The asset finance markets have been experiencing some of their highest-ever levels of growth in recent years. And with the economy in the Eurozone, UK and US recovering from a series of financial shocks, the industry looks set to see steady-to-strong growth in the foreseeable future.

The success of such activities has been somewhat in spite of, rather than because of the current credit environment, though.

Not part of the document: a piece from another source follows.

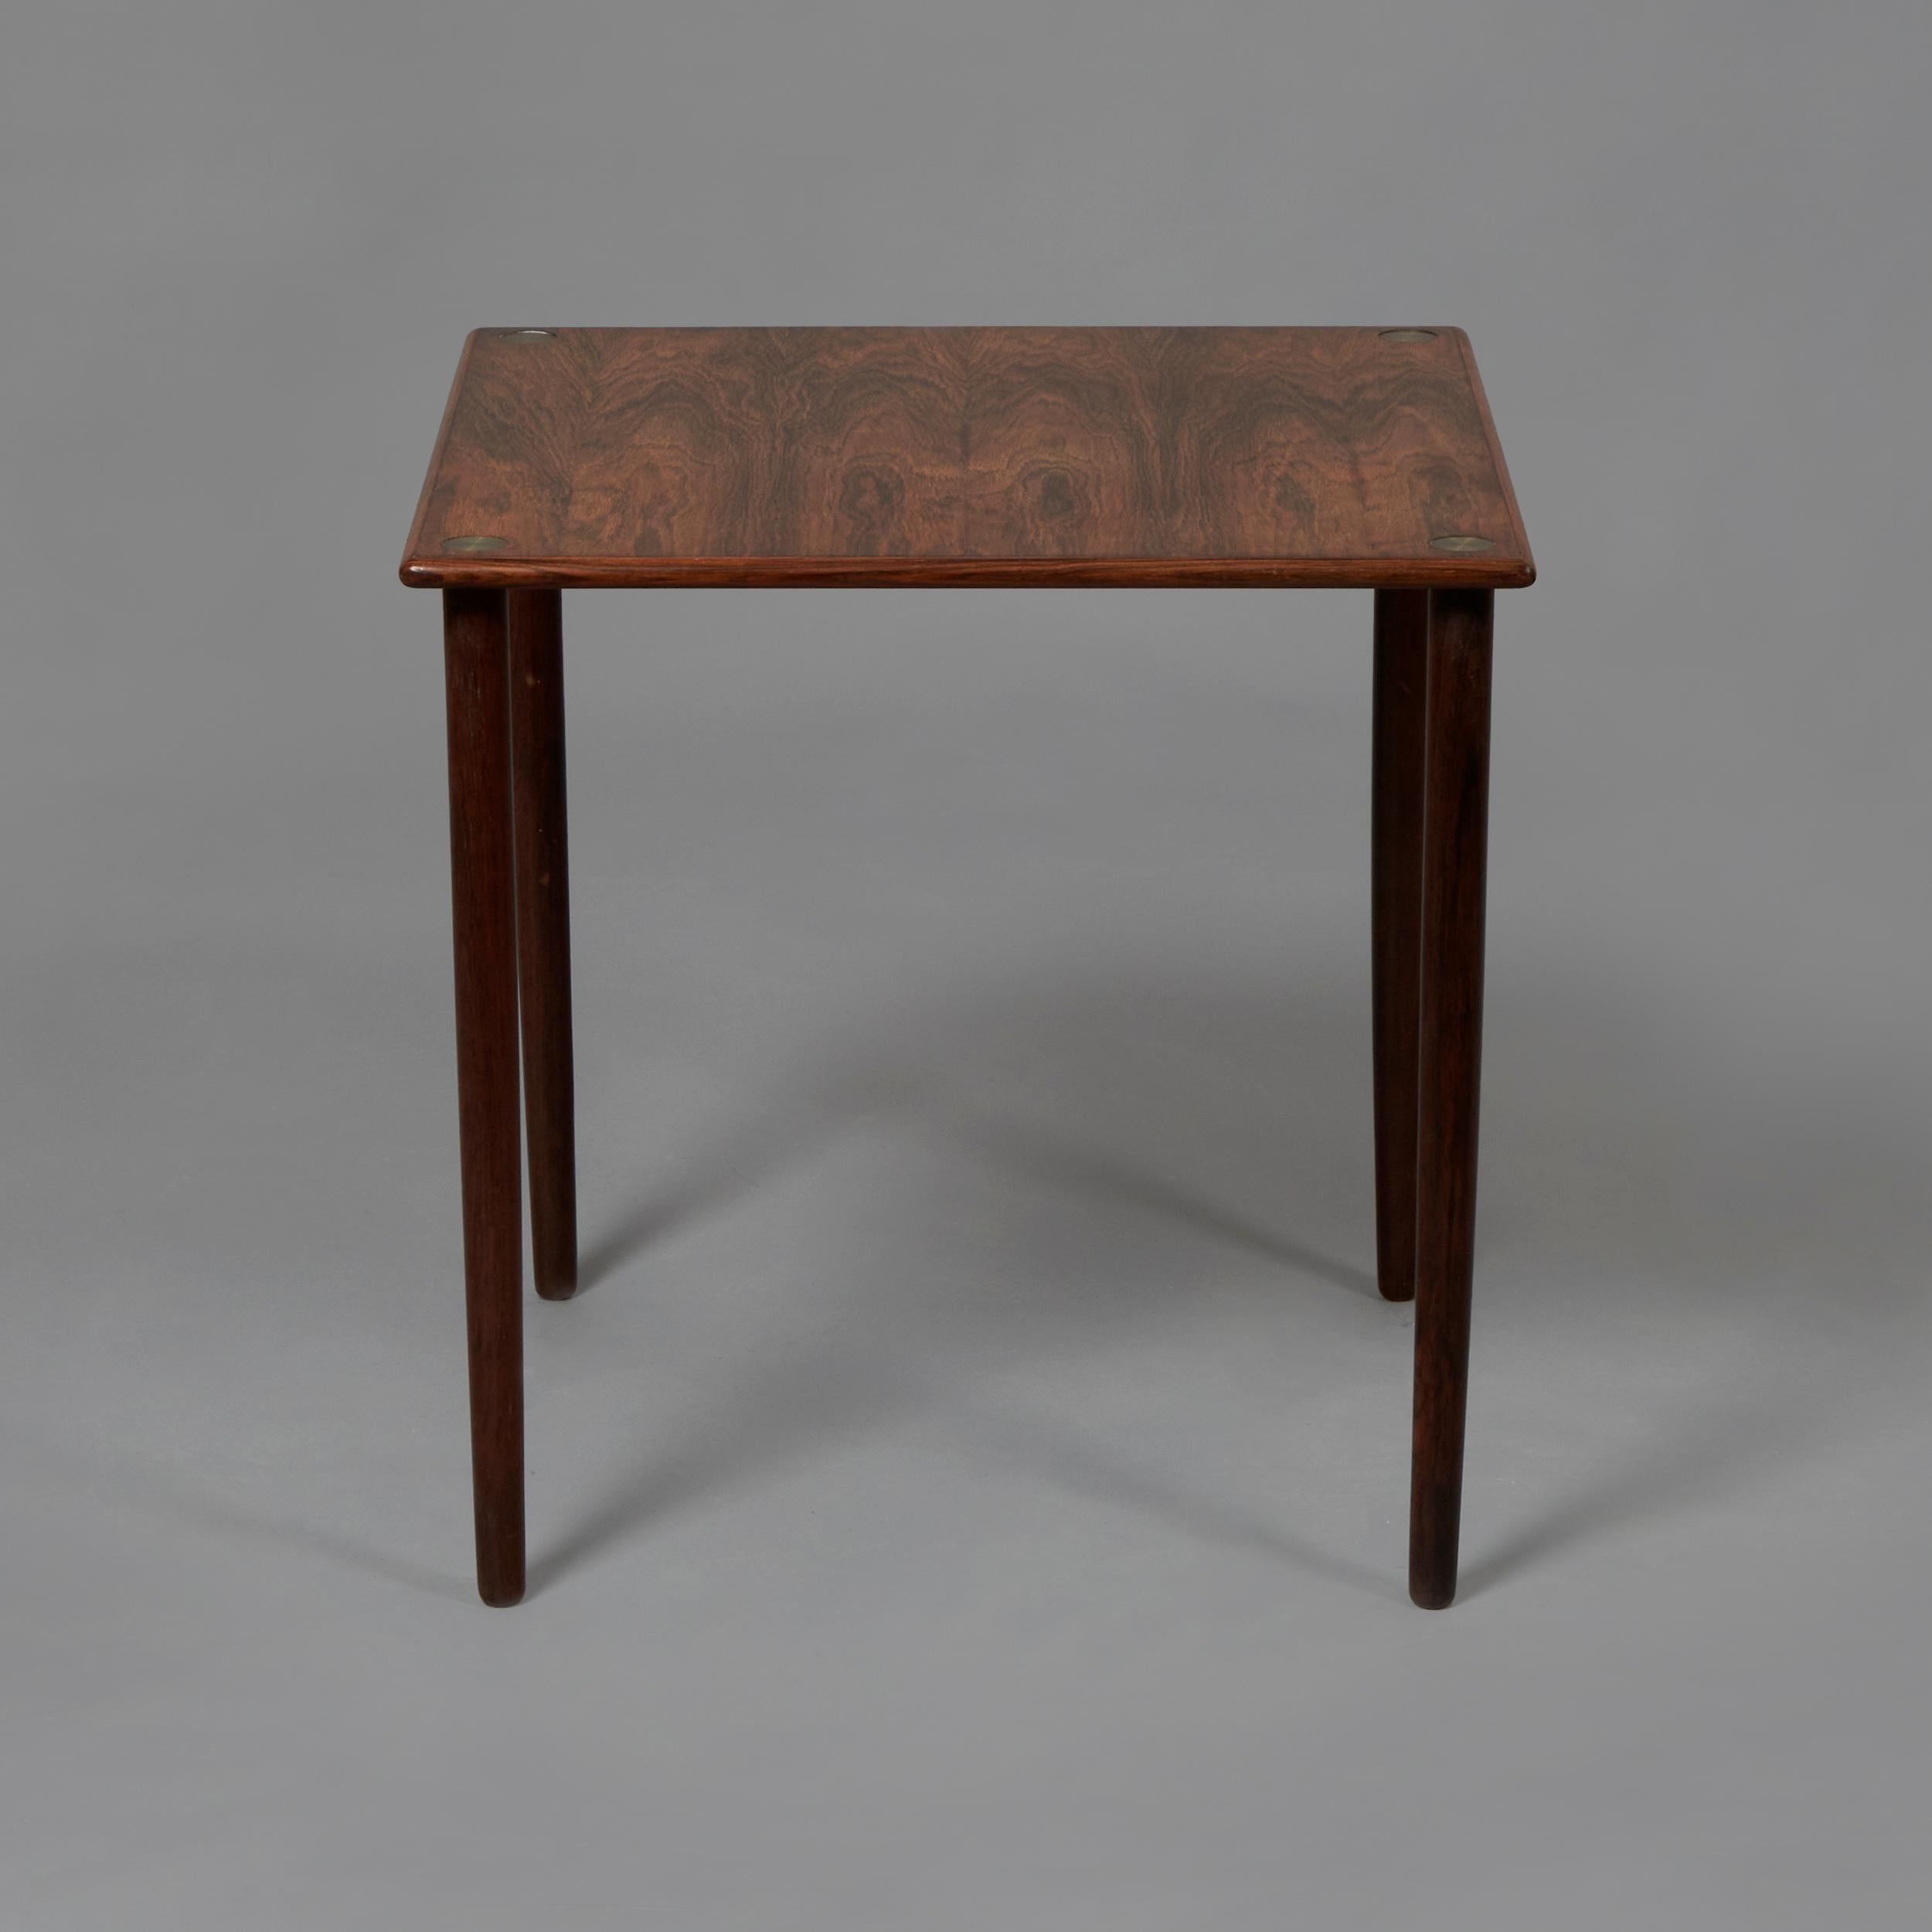 Table d'appoint en bois de rose et détails en aluminium. Modèle 4433 conçu par Georg Petersen pour GP Farum. Excellent état, entièrement restauré. Danemark, années 1960.

The collapse of Lehman Brothers in 2008 led to banks being more cautious in their lending, and the conduits to finance for finance companies from market leaders such as VW Finance down to companies with small sub-£50m (€62m) portfolios have barely got any easier to find since.

Regulators’ measures
Some of the measures taken by Europe’s regulators to ensure banks are able to keep on lending without the risk of collapse have in their own way contributed to the problems finance companies have had in accessing funds through traditional routes.
Major lending banks such as the Royal Bank of Scotland, Barclays and even overseas institutions such as Investec and BNP Paribas all have to maintain a higher level of reserve capital to cover their loans than was the case in the credit-rich days of 2006 and 2007.

The situation is not restricted to the UK however; banking standards agreed across the EU and in other territories also put additional pressures on lenders, and in turn the finance companies that remain so reliant on a flow of funds.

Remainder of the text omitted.